Python:将多个.txt文件解析为单个.csv文件? [英] Python: Parsing Multiple .txt Files into a Single .csv File?

查看:300
本文介绍了Python:将多个.txt文件解析为单个.csv文件?的处理方法,对大家解决问题具有一定的参考价值,需要的朋友们下面随着小编来一起学习吧!

问题描述

我对使用Python进行复杂的大型解析不是很有经验,你们对如何轻松解析具有不同格式的多个文本文件并将其组合成单个.csv文件并最终进入文件有任何提示或指南吗?将它们存入数据库吗?

I'm not very experienced with complicated large-scale parsing in Python, do you guys have any tips or guides on how to easily parse multiple text files with different formats, and combining them into a single .csv file and ultimately entering them into a database?

文本文件的示例如下:

general.txt(名称-部门(DEPT)室#[年龄]

general.txt (Name -- Department (DEPT) Room # [Age]

John Doe -- Management (MANG) 205 [Age: 40]
Equipment: Laptop, Desktop, Printer, Stapler
Experience: Python, Java, HTML
Description: Hardworking, awesome

Mary Smith -- Public Relations (PR) 605 [Age: 24] 
Equipment: Mac, PC
Experience: Social Skills
Description: fun to be around

Scott Lee -- Programmer (PG) 403 [Age: 25]
Equipment: Personal Computer
Experience: HTML, CSS, JS
Description: super-hacker

Susan Kim -- Programmer (PG) 504 [Age: 21]
Equipment: Desktop
Experience: Social Skills
Descriptions: fun to be around

Bob Simon  -- Programmer (PG) 101 [Age: 29]
Equipment: Pure Brain Power
Experience: C++, C, Java 
Description: never comes out of his room

cars.txt(按部门/房间号拥有汽车的人的列表)

cars.txt (a list of people who own cars by their department/room #)

Programmer: PG 403, PG 101
Management: MANG 205

house.txt

house.txt

Programmer: PG 504

最终的csv最好制表成类似

The final csv should preferably tabulate to something like:

Name     | Division    | Division Abbrevation | Equipment | Room | Age | Car? | House? |
Scott Lee  Programming          PG                 PC        403   25     YES     NO 
Mary Smith Public Rel.          PR               Mac, PC     605   24      NO     NO

最终的目标是拥有一个数据库,在该数据库中搜索"PR"将返回某人所在部门为"PR"的每一行,以此类推.等等.总共可能有30个文本文件,每个文本文件代表数据库中的一列或多列.一些专栏是简短的段落,其中包括逗号.总共约10,000行.我知道Python内置了csv,但是我不确定从哪里开始以及如何以1个csv结尾.有帮助吗?

The ultimate goal is to have a database, where searching "PR" would return every row where a person's Department is "PR," etc. There's maybe 30 text files total, each representing one or more columns in a database. Some columns are short paragraphs, which include commas. Around 10,000 rows total. I know Python has built in csv, but I'm not sure where to start, and how to end with just 1 csv. Any help?

推荐答案

您似乎正在寻找可以为您解决整个问题的人.我在这里:)

It looks like you're looking for someone who will solve a whole problem for you. Here I am :)
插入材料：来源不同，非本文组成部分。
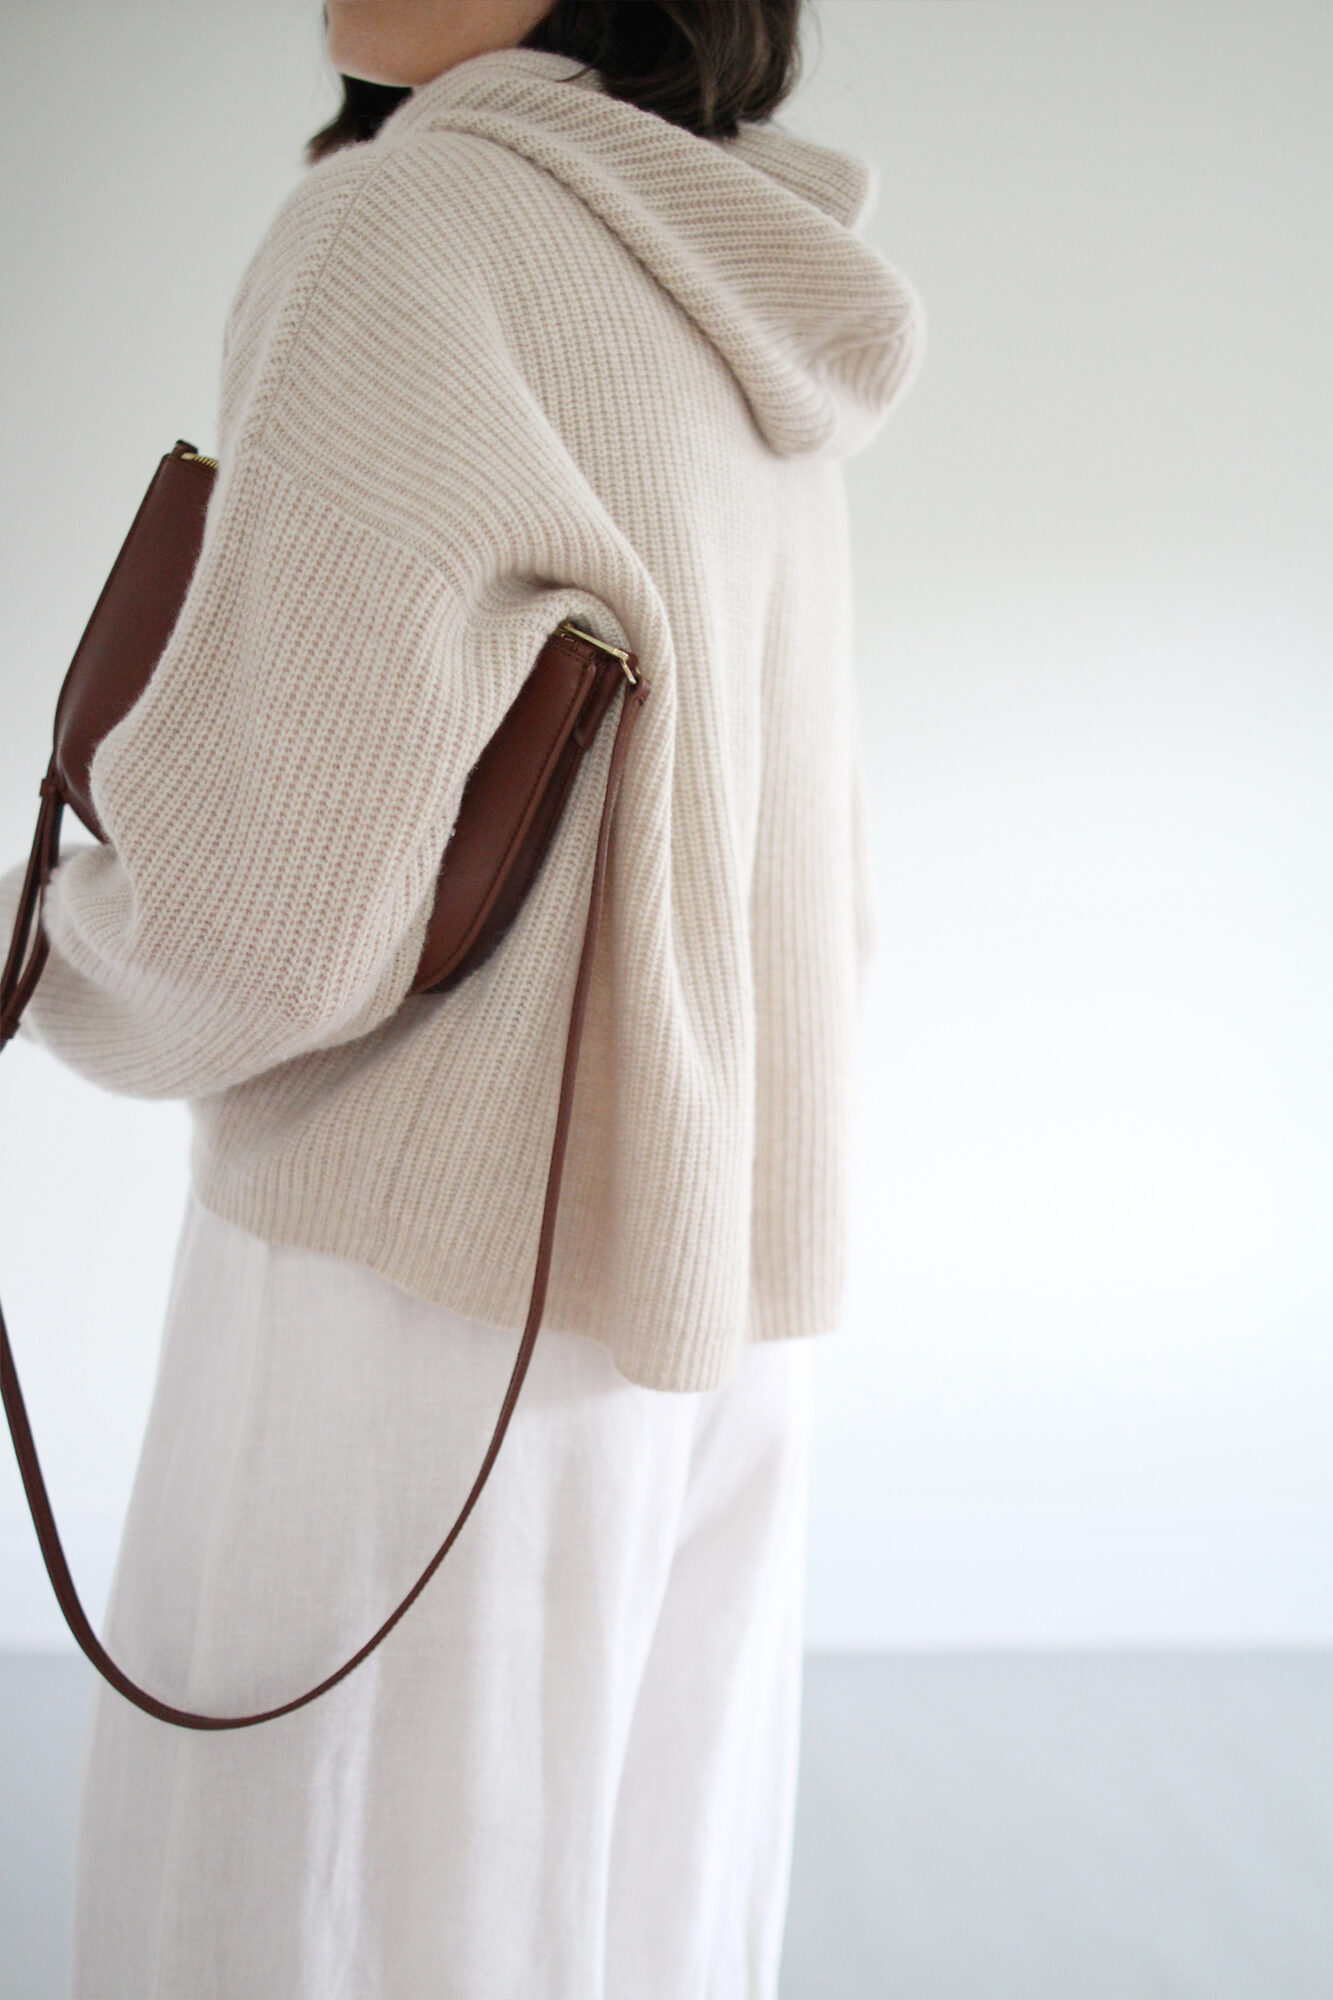 Style Bee - Light Knits & Linen

一般想法是(使用正则表达式)将一般信息解析为dict,然后在其上附加其他字段,最后写入CSV.这是Python 3.x解决方案(我认为Python 2.7+应该足够了):

General idea is to parse general info to dict (using regular expressions), then append additional fields to it and finally write to CSV. Here's Python 3.x solution (I think Python 2.7+ should suffice):

import csv
import re


def read_general(fname):
    # Read general info to dict with 'PR 123'-like keys

    # Gerexp that will split row into ready-to-use dict
    re_name = re.compile(r'''
        (?P<Name>.+)
        \ --\  # Separator + space
        (?P<Division>.+)
        \  # Space
        \(
            (?P<Division_Abbreviation>.*)
        \)
        \  # Space
        (?P<Id>\d+)
        \  # Space
        \[Age:\  # Space at the end
            (?P<Age>\d+)
        \]
        ''', re.X)

    general = {}

    with open(fname, 'rt') as f:
        for line in f:
            line = line.strip()
            m = re_name.match(line)

            if m:
                # Name line, start new man
                man = m.groupdict()
                key = '%s %s' % (m.group('Division_Abbreviation'), m.group('Id'))
                general[key] = man

            elif line:
                # Non empty lines
                # Add values to dict
                key, value = line.split(': ', 1)
                man[key] = value

    return general


def add_bool_criteria(fname, field, general):
    # Append a field with YES/NO value

    with open(fname, 'rt') as f:
        yes_keys = set()

        # Phase one, gather all keys
        for line in f:
            line = line.strip()
            _, keys = line.split(': ', 1)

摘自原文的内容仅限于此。